(Data excerpts Opens)

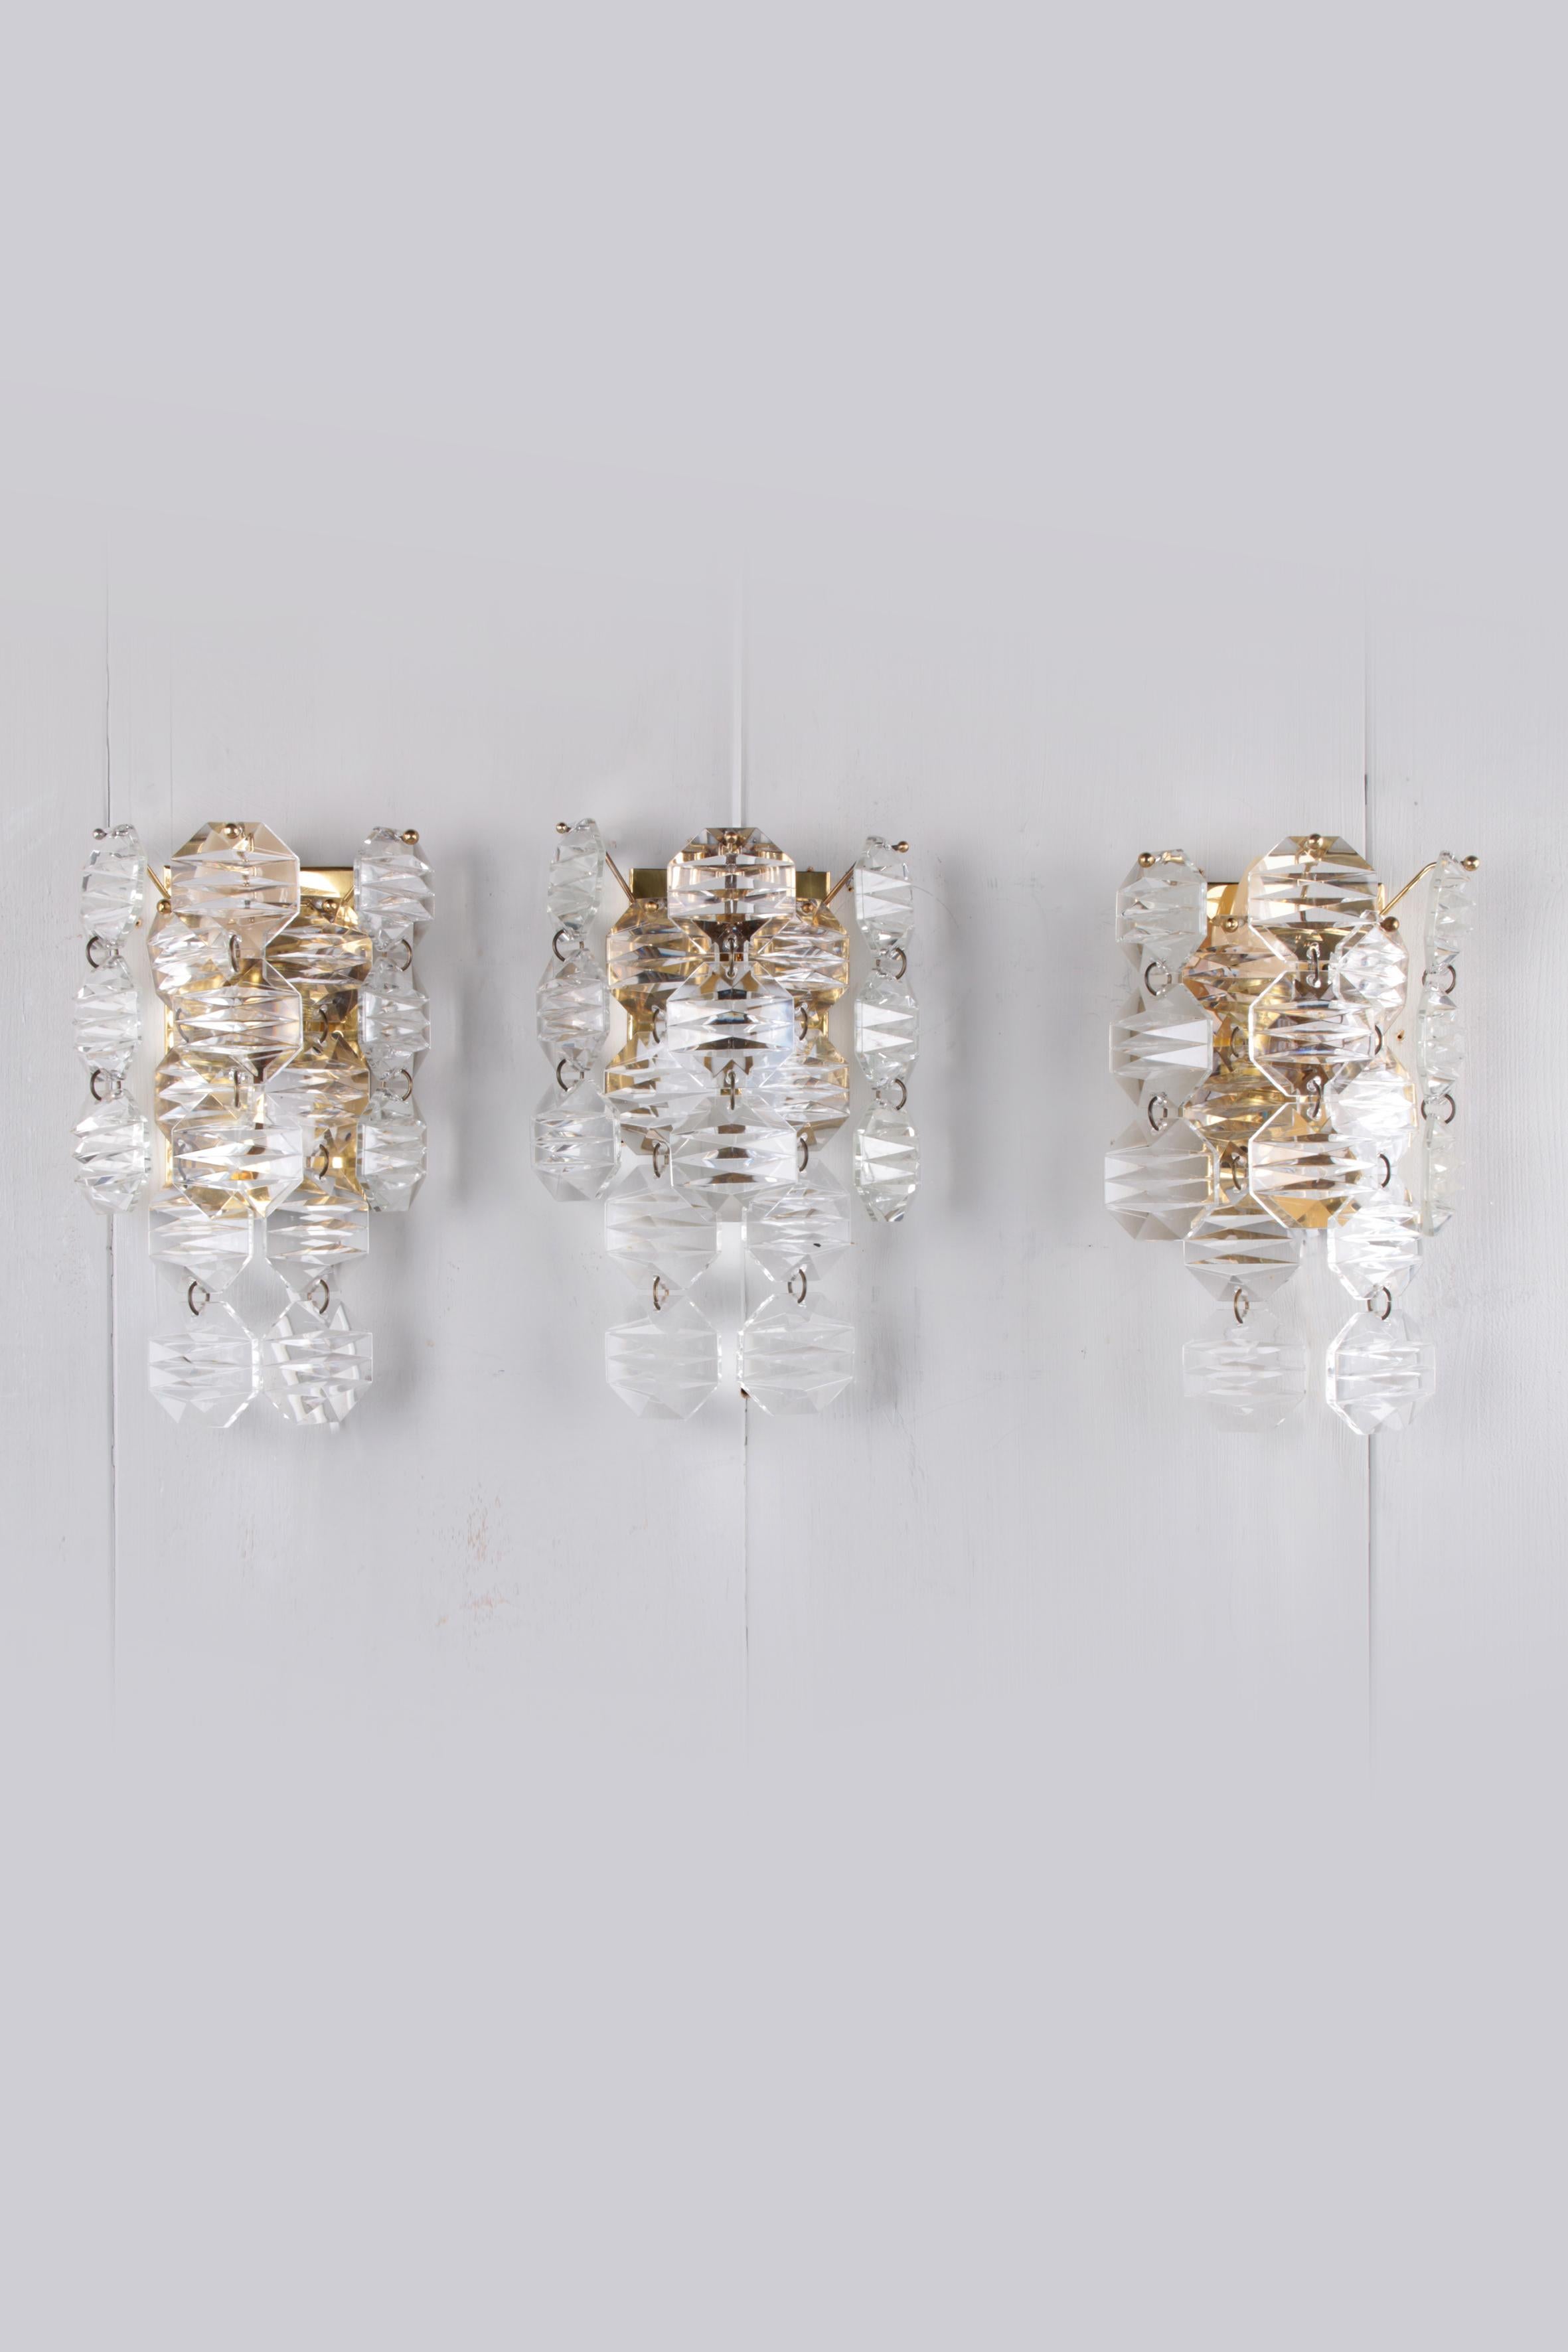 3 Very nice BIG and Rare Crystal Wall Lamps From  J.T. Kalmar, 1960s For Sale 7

(Data excerpts Closes)
(Data excerpts Opens)

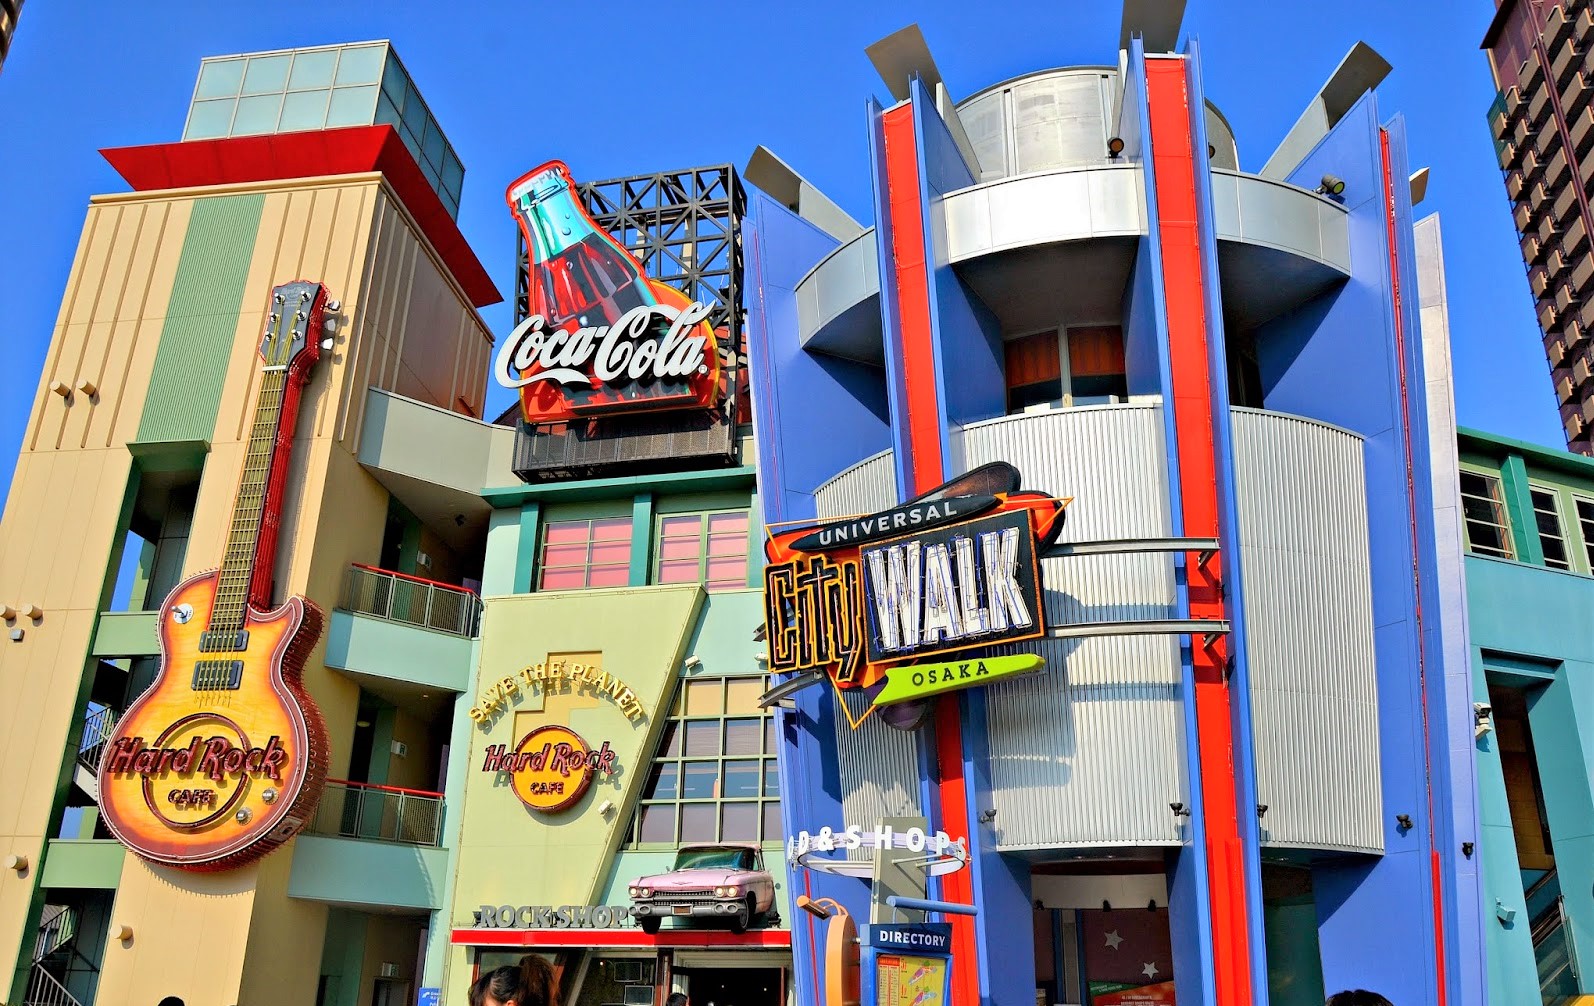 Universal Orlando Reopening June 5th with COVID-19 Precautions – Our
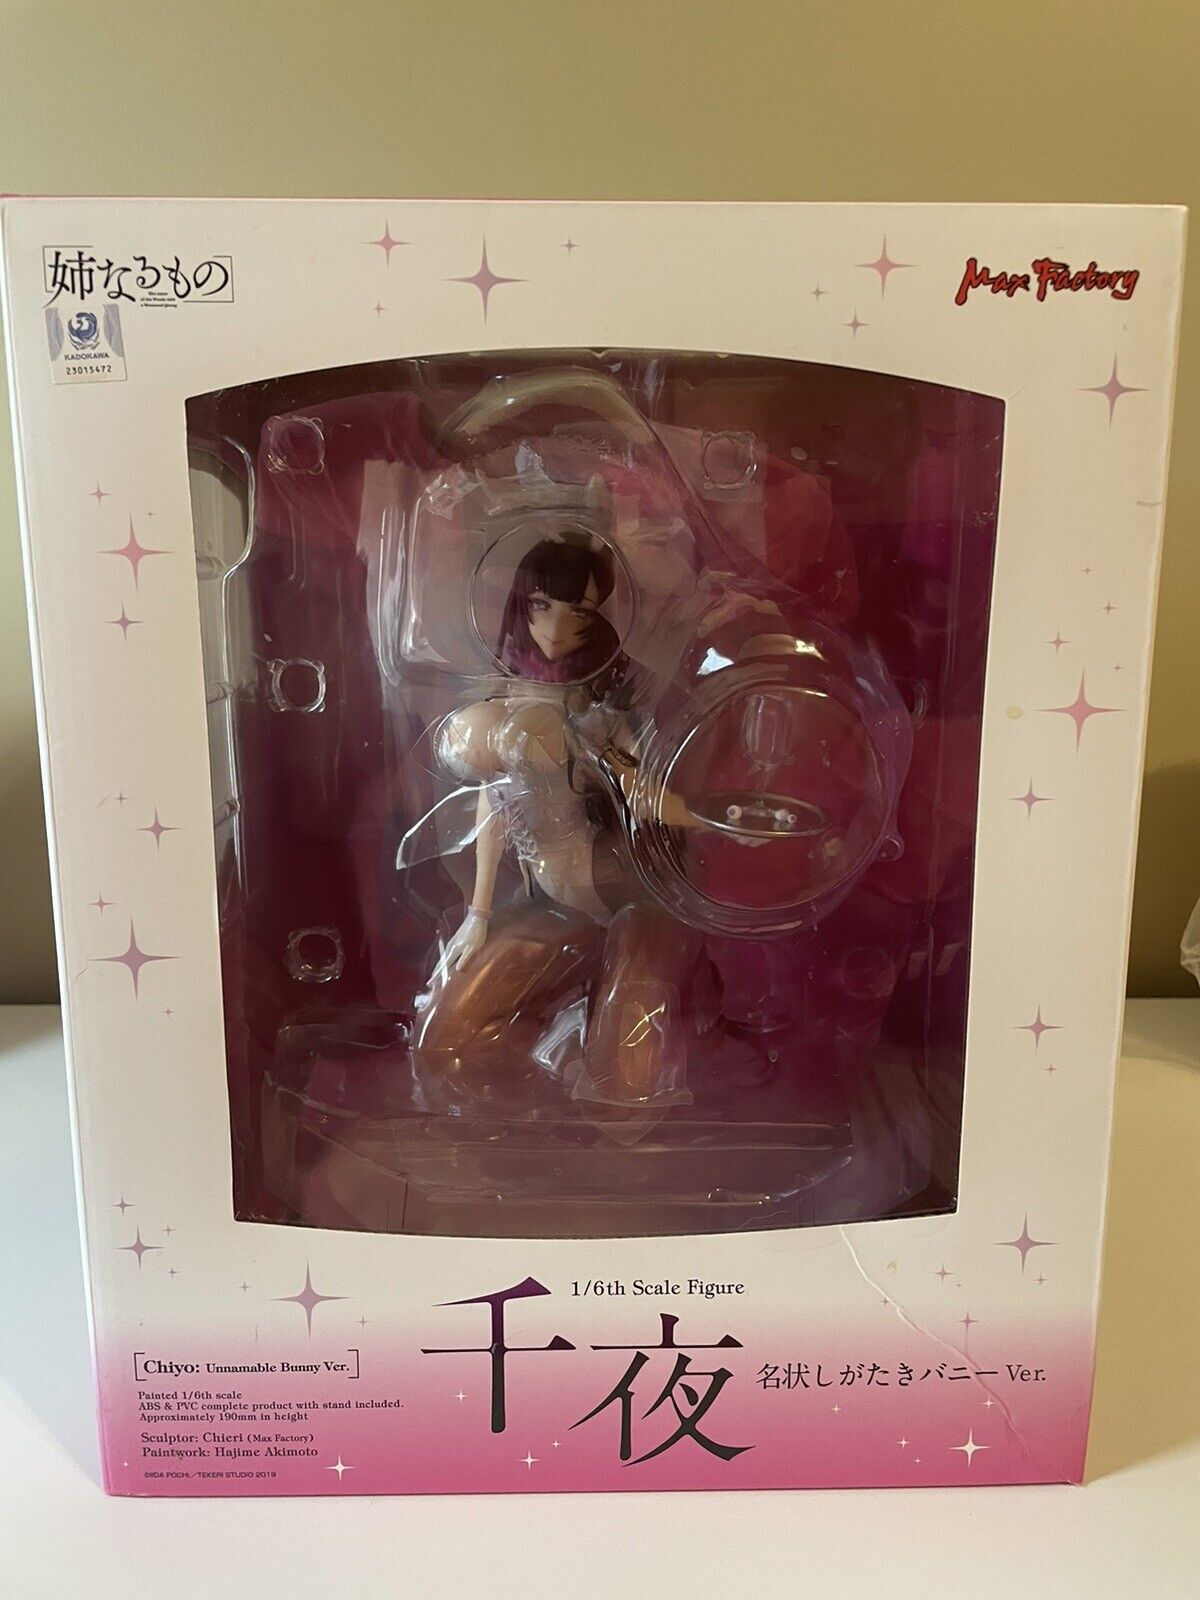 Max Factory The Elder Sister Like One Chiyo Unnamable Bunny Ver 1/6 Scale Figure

(Data excerpts Closes)

- **Problem requirements**
How would the lines above read from the one with "Universal Orlando Reopening" to the one with "Max Factory The", inclusive, with no pictures? Write them out exactly.

- **Solution to this exercise**
 Universal Orlando Reopening June 5th with COVID-19 Precautions – Our
 Max Factory The Elder Sister Like One Chiyo Unnamable Bunny Ver 1/6 Scale Figure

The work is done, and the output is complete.